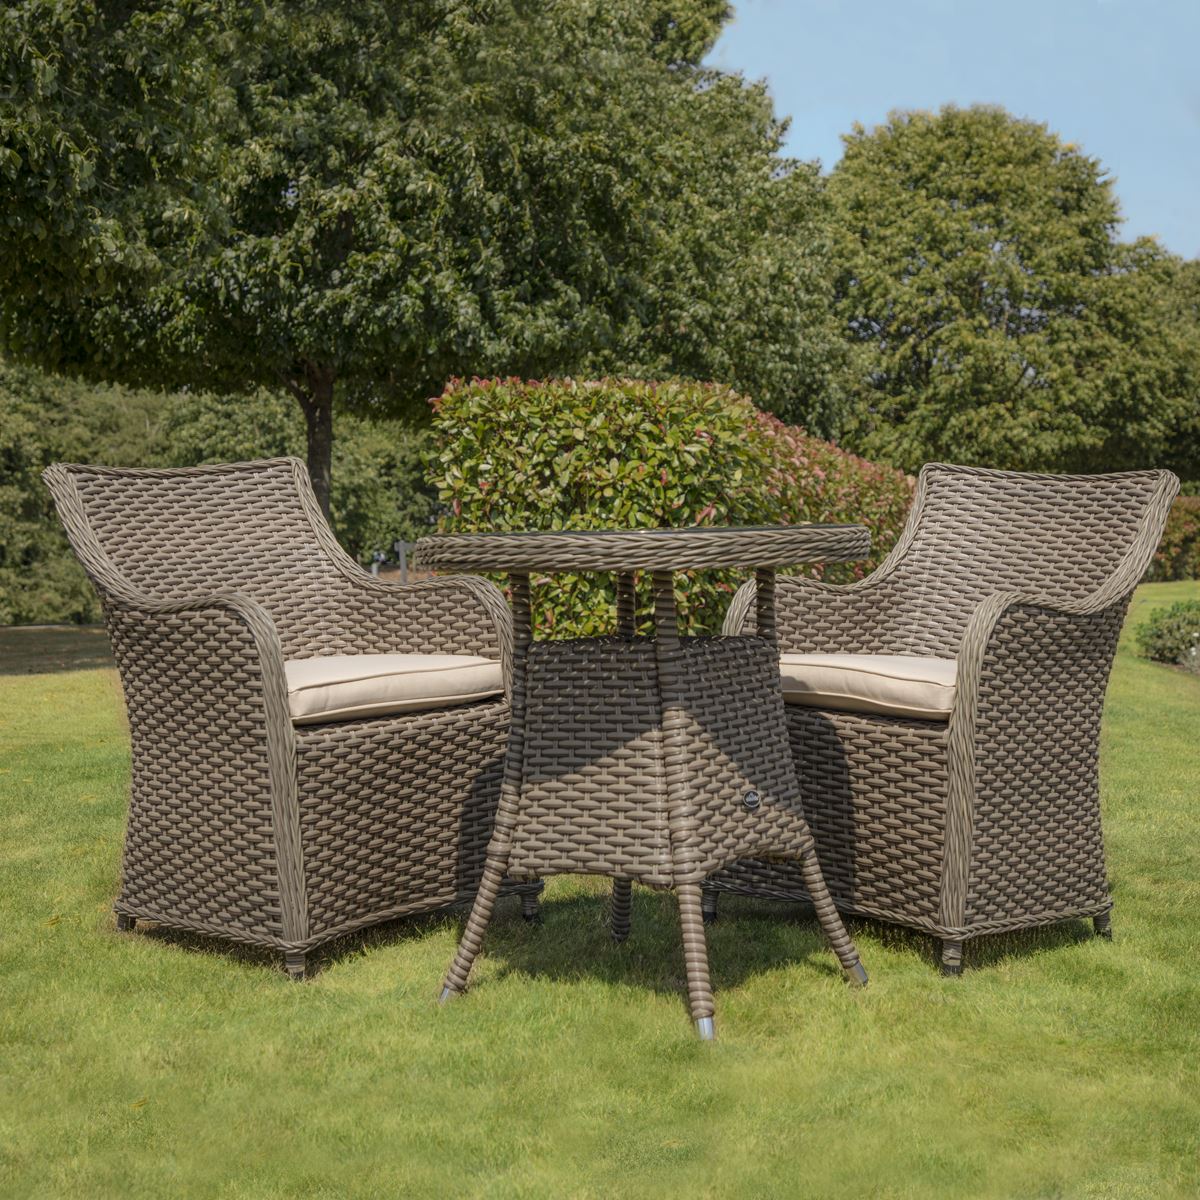 Dellonda Chester 3 Piece Rattan Wicker Outdoor Dining Set with Tempered Glass Table Top, Brown
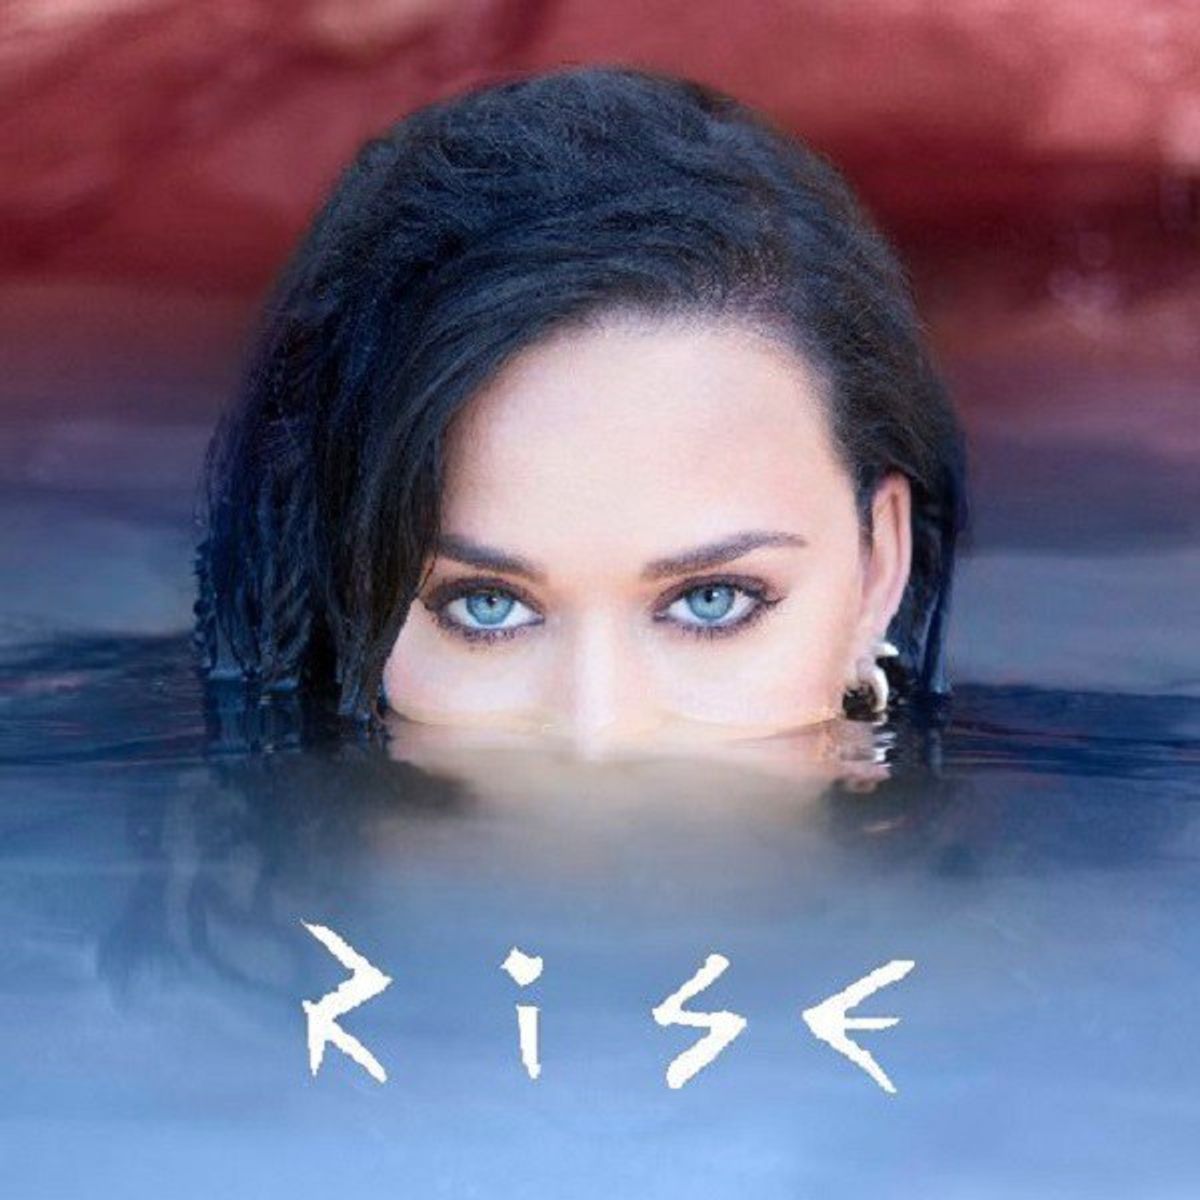 Katy Perry Invites Us All To "Rise" Up Together
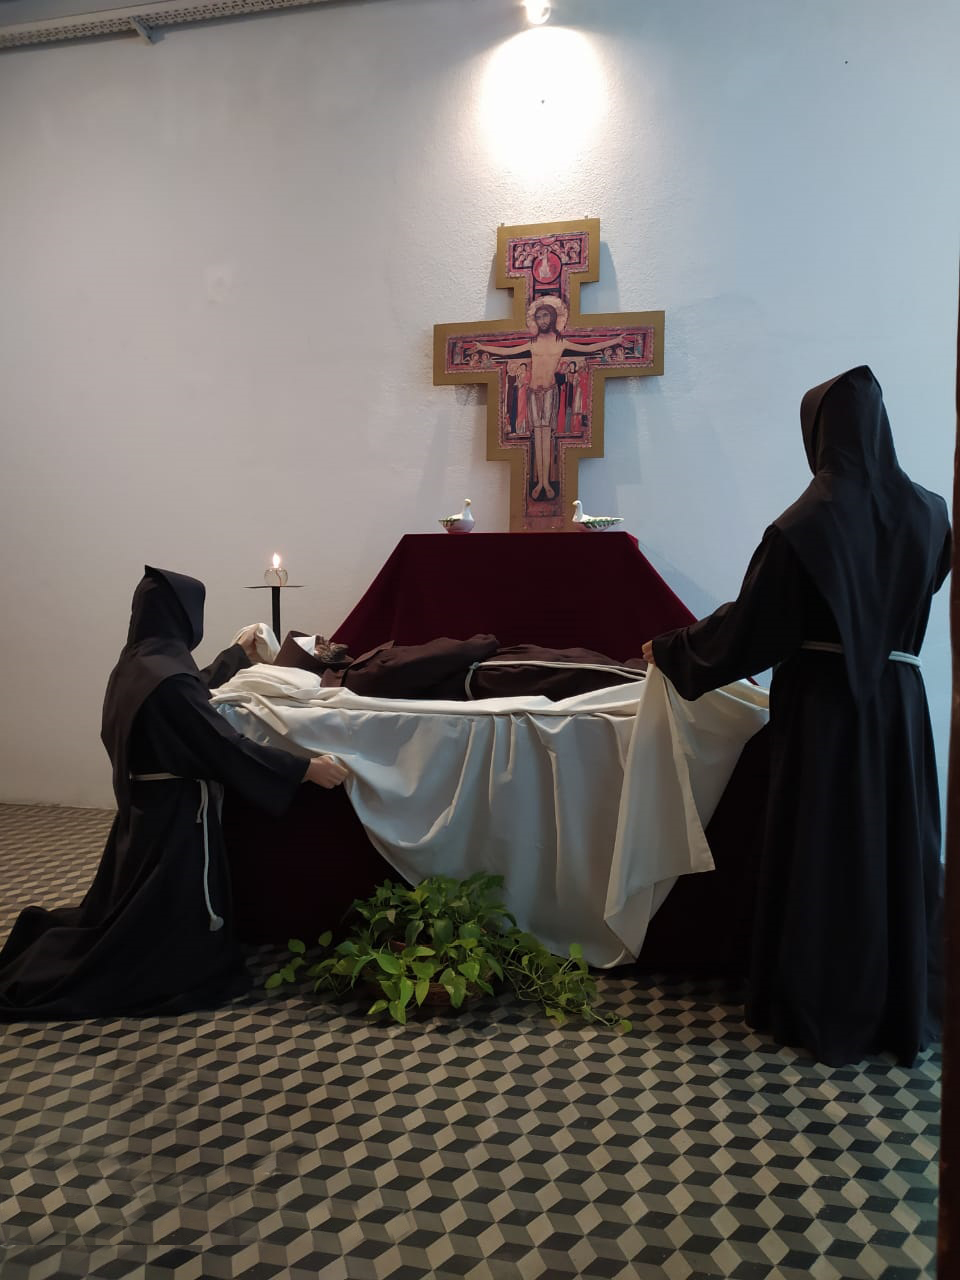 The friars of the monastery of Buenos Aires while commemorating the Transitus of St. Francis of Assisi, October 2020

* * * * * * * * *

◆ **Problem to work on**
Copy out all the data above exactly, minus the images.

◆ **Problem solution**
 Dellonda Chester 3 Piece Rattan Wicker Outdoor Dining Set with Tempered Glass Table Top, Brown
 Katy Perry Invites Us All To "Rise" Up Together
 The friars of the monastery of Buenos Aires while commemorating the Transitus of St. Francis of Assisi, October 2020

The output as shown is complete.